Their article cites studies showing that only about 10 percent of U.S. biomedical scientists land tenure-track faculty positions at U.S. institutions within five years of their Ph.D. graduation. Among the constraints on the academic job market, the article says, are a nearly 20 percent decline in inflation-adjusted federal research funding from 2003 to 2016. That decline limits hiring by the universities and other nonprofit research institutions that receive federal research support.

The coalition members will issue statistical reports with information on:

  • Admission to and enrollment in doctoral programs in the life sciences;
  • The median time spent in graduate school before earning a doctorate;
  • The demographics of graduate students and postdoctoral fellows by gender, underrepresented minority status, and citizenship status;
  • The median time spent in postdoctoral fellowships (the apprenticeships many scientists serve immediately after graduate school but before landing a permanent position); and
  • The jobs held by an institution's former graduate students and postdoctoral fellows.

The dearth of faculty positions in the life sciences is no secret and many postdoctoral trainees are aware of the odds against them when they search for a traditional university job, the Science article says. The co-authors write, however, that students and trainees would benefit from appreciating the odds much sooner. They also would be helped by knowing more about the range of options for trained life scientists, such as careers in industry, entrepreneurship, government, and science communication.

"The majority of trainees will eventually choose to pursue those careers, but only after having made irreversible investments in what is often more than a decade in training for academic jobs that do not exist," the presidents and chancellors write. "And at least some of this training activity may be unnecessary for their eventual career choices."

Some relevant data are available now, but for a small number of institutions and in formats that do not allow for easy comparison. Comprehensive data in a form standardized across institutions should be a major help, the presidents and chancellors write.

"Open data will allow students and postdoctoral fellows to understand fully the range of likely outcomes of their eventual training and career choices," they write. "It will help universities to better target their programs to actual career outcomes. . . . And it can help to hold universities and other research institutions to account for their success in training and placing graduate students.

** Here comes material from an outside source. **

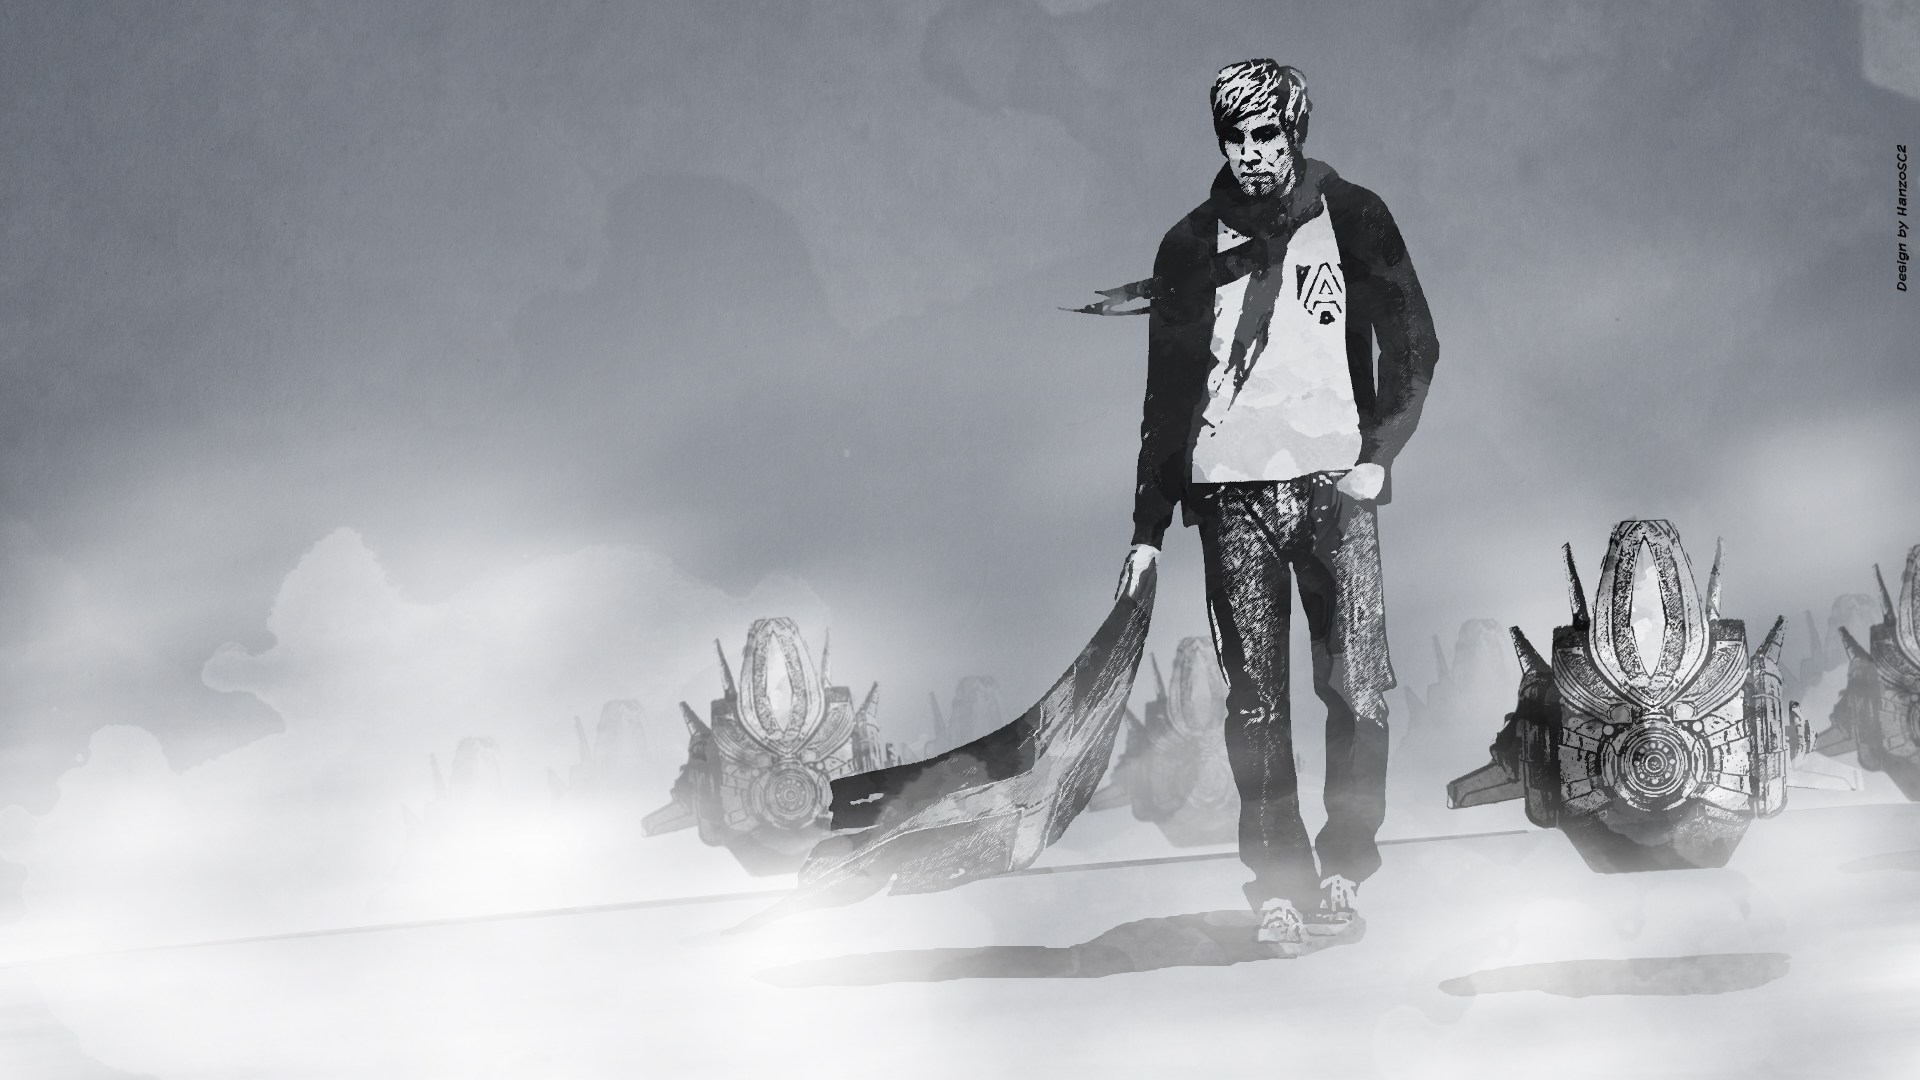 Naniwa - The King in the North by HanzoSC2

"Each of these measures," the co-authors write, "is directed at the cardinal goal of making advanced training in the life sciences more efficient and humane."

Each coalition member, the writers say, has also agreed to help graduate students and fellows better explore alternative career paths, improve mentoring, and work to improve diversity in the life sciences workforce. They say they hope other institutions will join the original 10 in the movement for transparency in biomedical career data.

The Gordon and Betty Moore Foundation and an anonymous donor are helping to fund the coalition. Leading the group's work are two faculty members, Elizabeth Watkins, dean of the Graduate Division and vice chancellor for student academic affairs at the University of California, San Francisco, and Peter Espenshade, associate dean for graduate biomedical education at the Johns Hopkins University School of Medicine.

The presidents and chancellors say they chose to begin their transparency initiative with the life sciences because of considerable national concern over strains in the field. They add, however, that "the logic of our initiative extends to other scholarly disciplines."  The coalition's work could extend in the future to graduate education and training in the natural and physical sciences, engineering, the social sciences, and the humanities.